I realized prepositions were a problem when I recently taught SAT Writing and Grammar to a class of Korean-American students. I was having trouble explaining why some of their answers were incorrect. About two-thirds of the time, prepositions can be taken literally—just visualize that squirrel on the rail, going through the woods or riding in a Ferrari. The other ones are problematic, however. They just sound right to a native speaker, which means they just have to be memorized by one who is not. The answer key simply says “not English idiom”—how helpful.
English is rife with idiomatic phrases that way-lay ESL speakers. Margarita, a woman in my book club, says that her husband thought she had been calling him a pig for years. Every time she made a new dish, she would ask him to be her guinea pig. Imagine his relief to find out that he was just an experimental subject instead!
Back to prepositions…
Does one work “in” or “at” a factory? Why do we say in the morning, in the afternoon and at night? If one were to say “I have trouble sleeping in the night” an English speaker born in America would notice that it was an unusual phrase or not an English idiom. (Best to take some Ambien and avoid the whole scenario; what’s more American than taking a highly advertised prescription drug?)
OK, so which is right? I work in my father’s factory or I work at my father’s factory? It’s the latter. The word in usually means "within a geographical place or enclosed area”; in this sentence, the preposition refers a location that involves a specific activity, so at is correct. Damn you, squirrel!

4 Comments:
I think that in many cases prepositions should be thought of as paired with the verb, not the noun that follows them, since the preposition often changes the meaning of the verb. For instance, pairing different prepositions with "take" can generate vastly different meanings that have nothing to do with the normal definition of "take":
take on: to accept
take off: to remove
take down: to remove from view
take through: to guide
take in: to understand
The verb "work" has a lot of meanings as well depending on the preposition it's paired with.

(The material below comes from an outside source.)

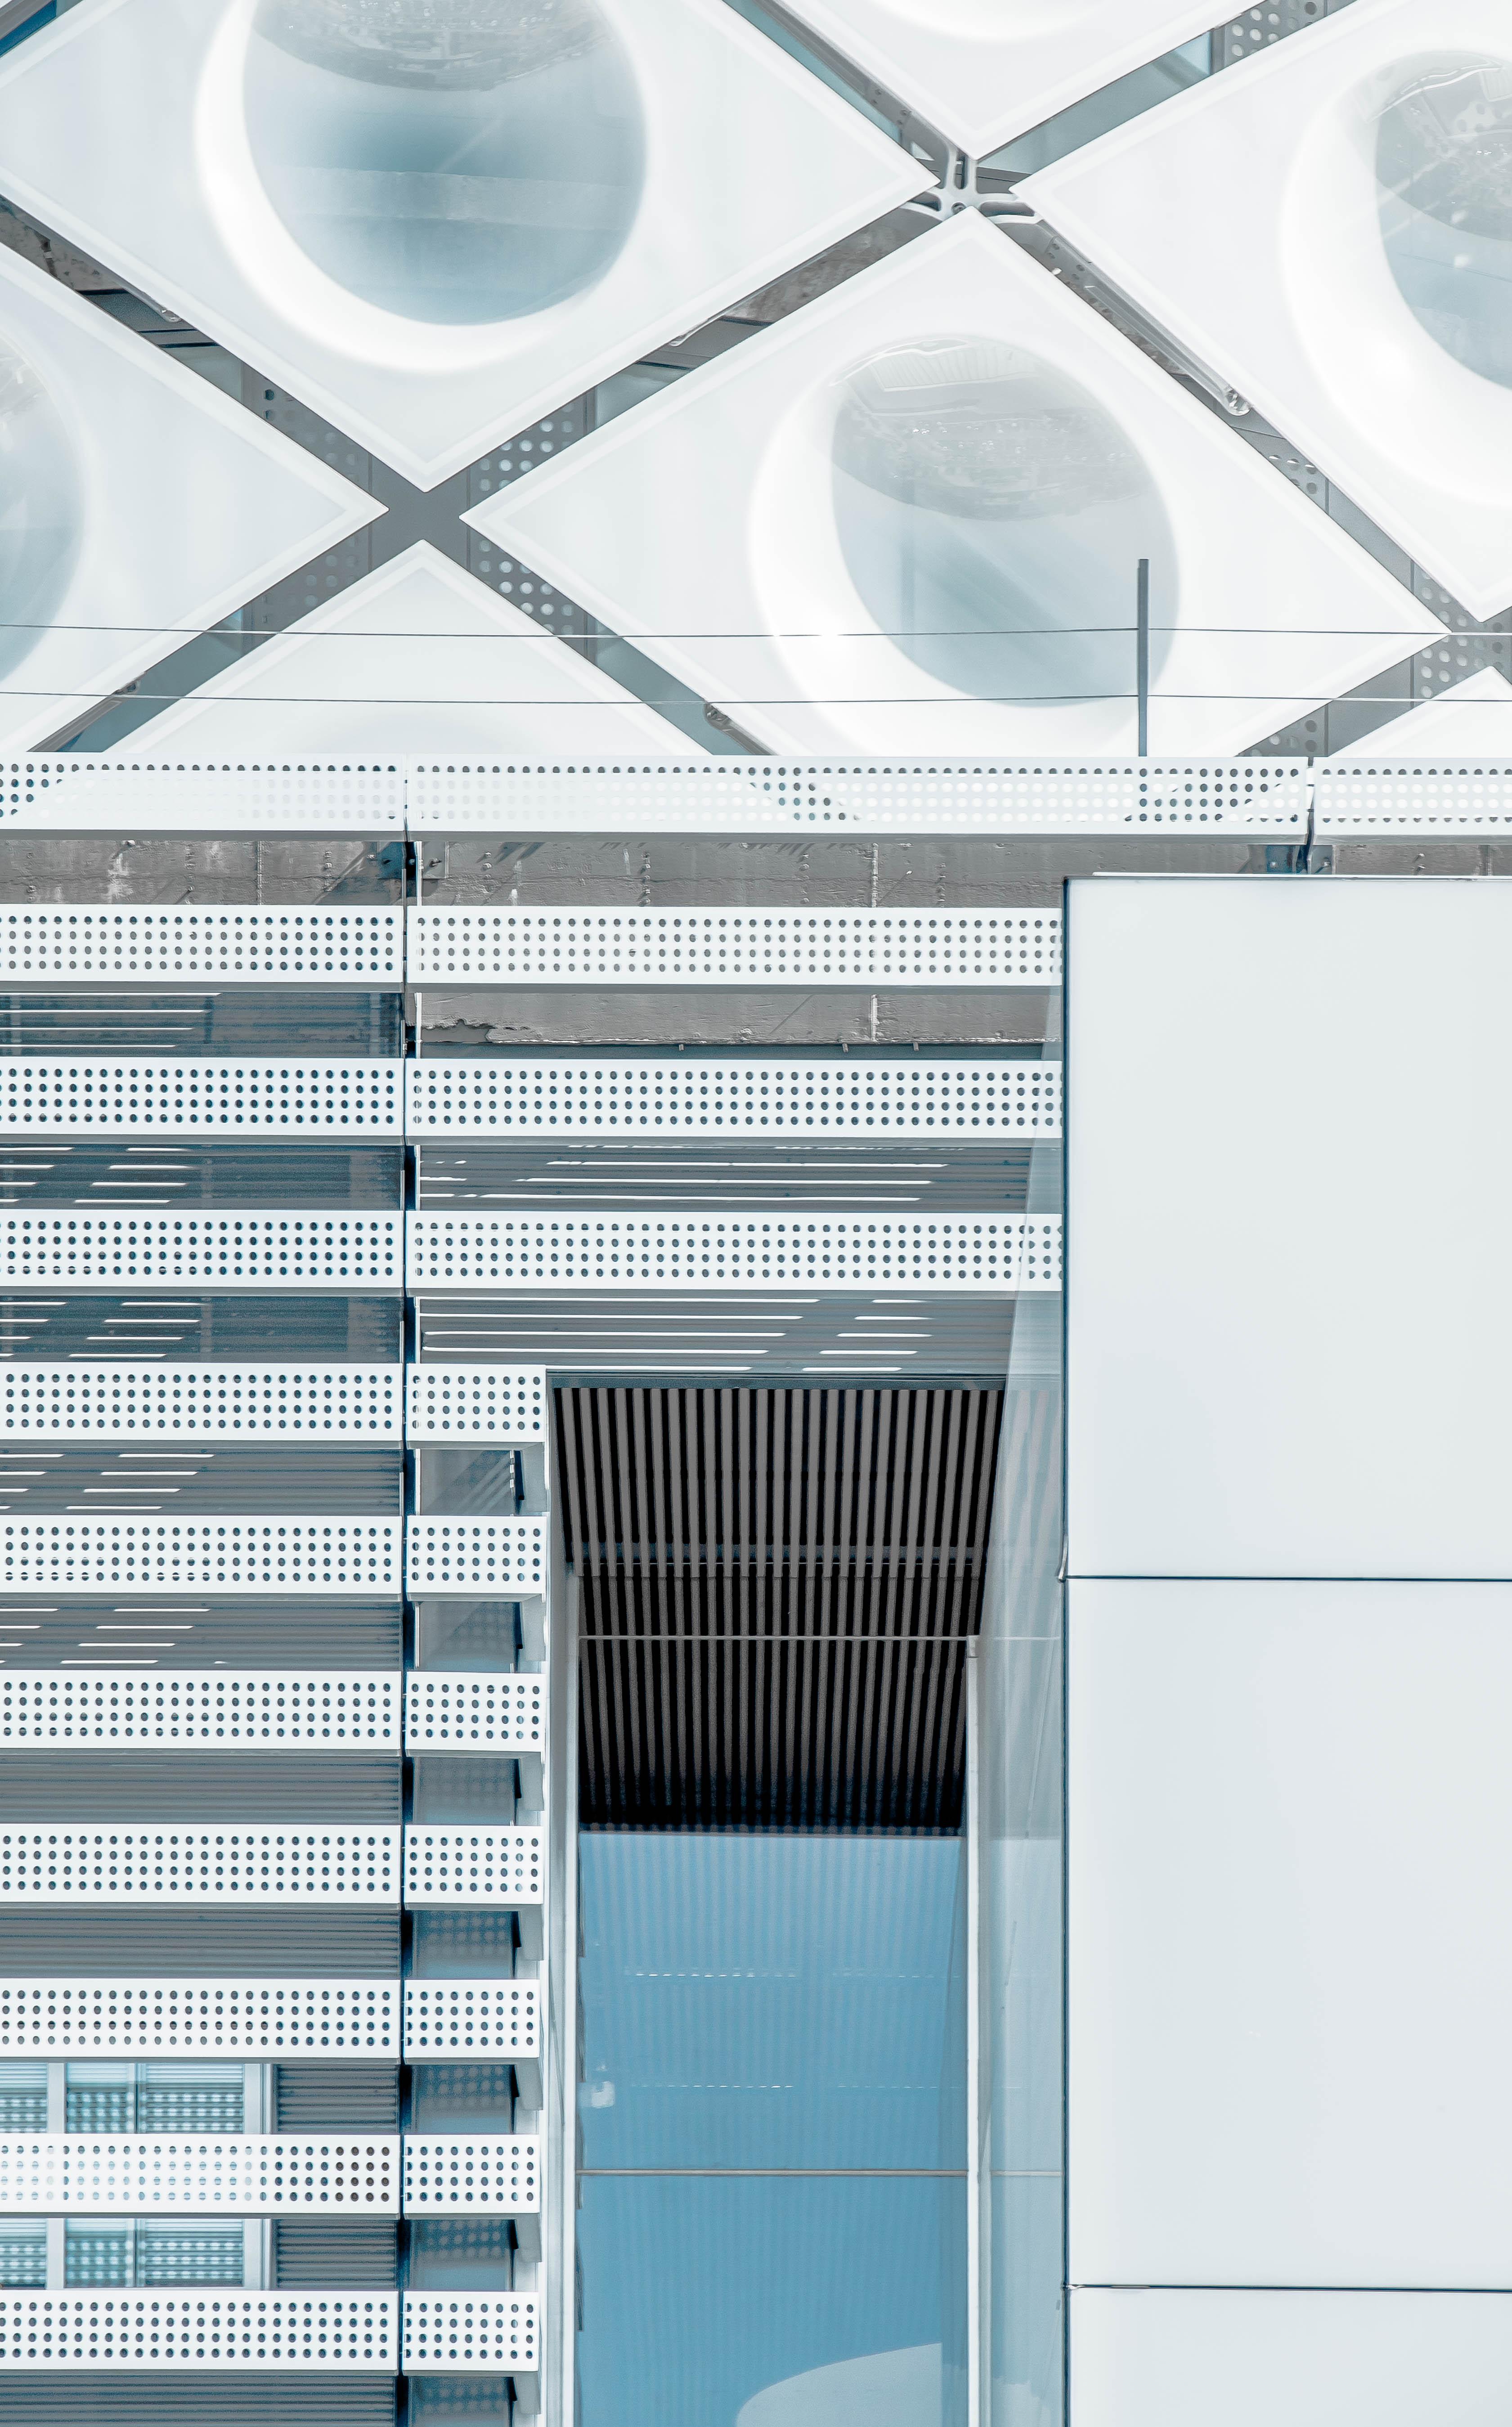 建築 窓 建物 天井 ライン ファサード ポイント インテリア・デザイン 設計 ミニマリズム 窓覆い

However, I think this type of preposition use is mutually exclusive with the "squirrel" type, so I don't think this applies for your examples, which seem to be of the "squirrel" variety. You can really see the difference if you mix and match the two types: "He works at his father's factory and becoming a better person."
Just musing randomly...
"He works at his father's factory and becoming a better person"--
I think one of my students used that exact sentence!
(Parallelism comes later.)
Those other prepositions to
which you refer have almost
become part of the verb.
"Worn out",
"settle down",
"give up",
"fall off",
"excited about",
"impressed by",
"called on",
"look at" and
"aware of"
are examples of phrases that
are determined by idiom rather than meaning. (At least according to St. Martin's Handbook. http://bcs.bedford
stmartins.com/exercisecentral/)
Wow-- I just reread that sentence and it means something totally different to me that it did the first time. I've got to work on that impulse control...
A preposition is something you never end a sentence with.